1. read the abstract and conclusion first get the main point before diving into details. often you only need to understand the core idea, not every equation.

2. it's okay to not understand everything seriously. even experts skip papers or sections. you don't have to fully grok every proof.

3. related work sections are gold they cite other papers that explain prerequisites. build your reading queue from there.

4. youtube explanations help there's no shame in watching someone explain a paper before reading it. the goal is understanding, not suffering.

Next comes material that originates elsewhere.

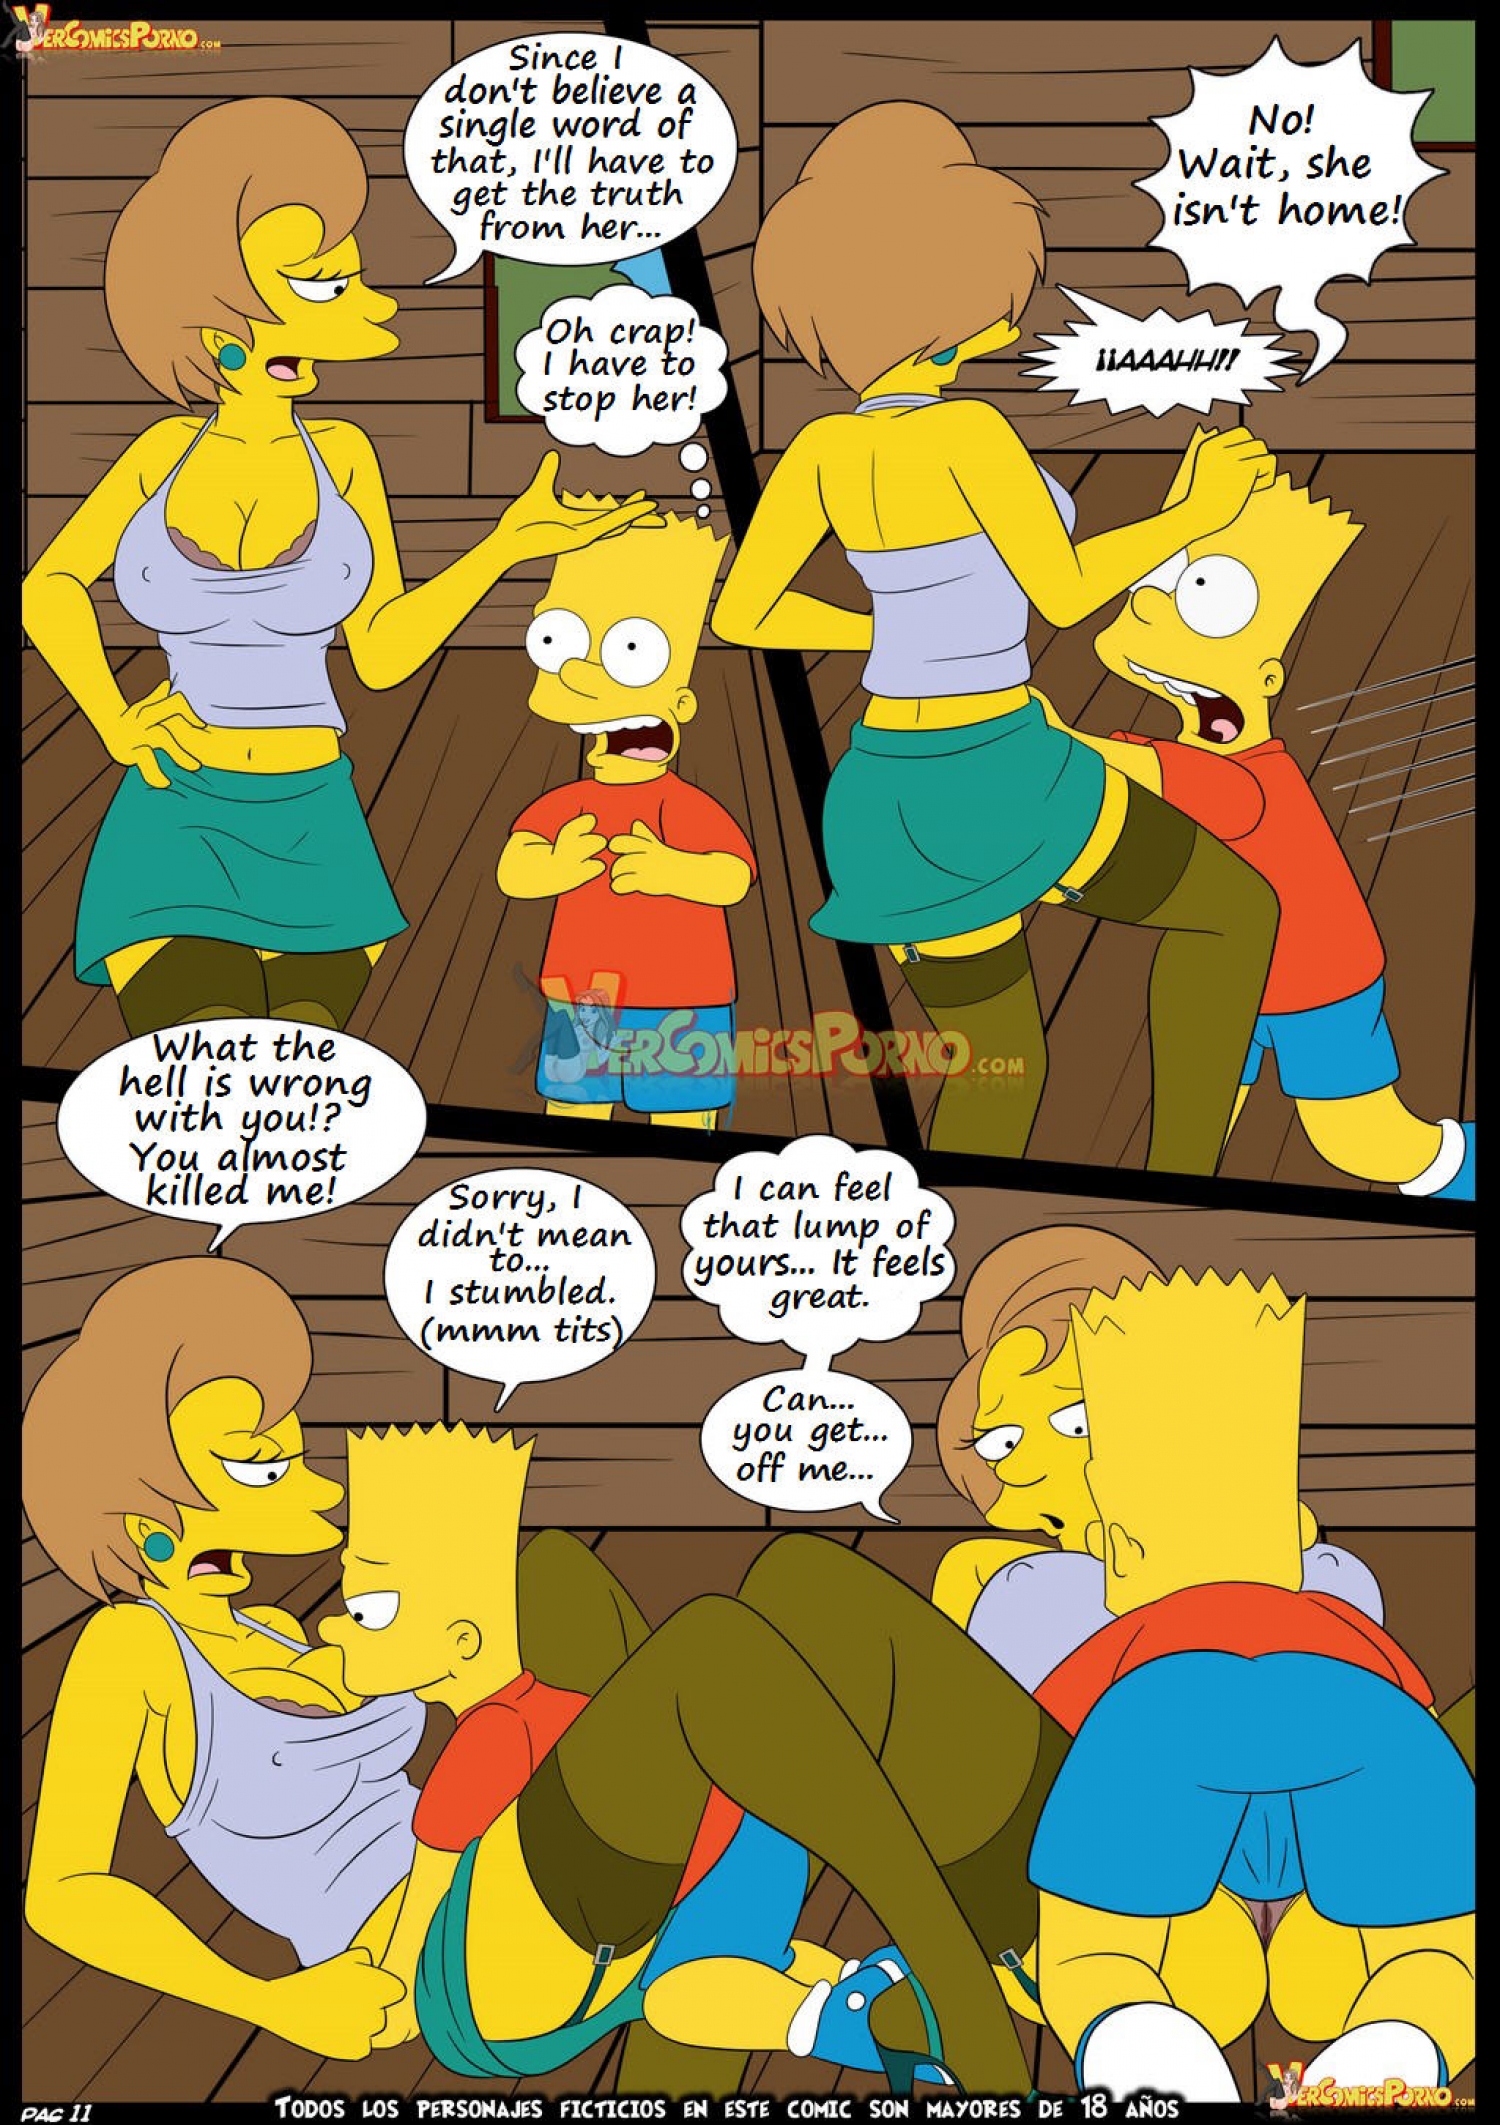 Post 2142036 Bart Simpson Comic Croc Artist Edna Krabappel The Simpsons Vercomicsporno

5. read actively take notes. draw diagrams. re-read paragraphs. ask "why?" constantly.

my current approach

  1. read title + abstract (what is this about?)
  2. look at figures and tables (what are the results?)
  3. read intro + conclusion (what problem, what solution?)
  4. skim methods (how does it work, roughly?)
  5. deep dive if i need more detail

this takes hours. for one paper. it's slow.

but it's worth it

reading "attention is all you need" (multiple times, with youtube help) gave me actual understanding of transformers. not perfect understanding, but enough to implement one. enough to read follow-up papers.

that knowledge compounds. paper 2 is easier than paper 1. paper 10 is easier than paper 2.

the goal

i want to be fluent in this literature. not overnight, but eventually. i want to read a new AI paper and mostly understand it on first pass.

we're not there yet. but we're working on it.


currently reading papers with four tabs open: the pdf, wikipedia, youtube, and a lot of coffee.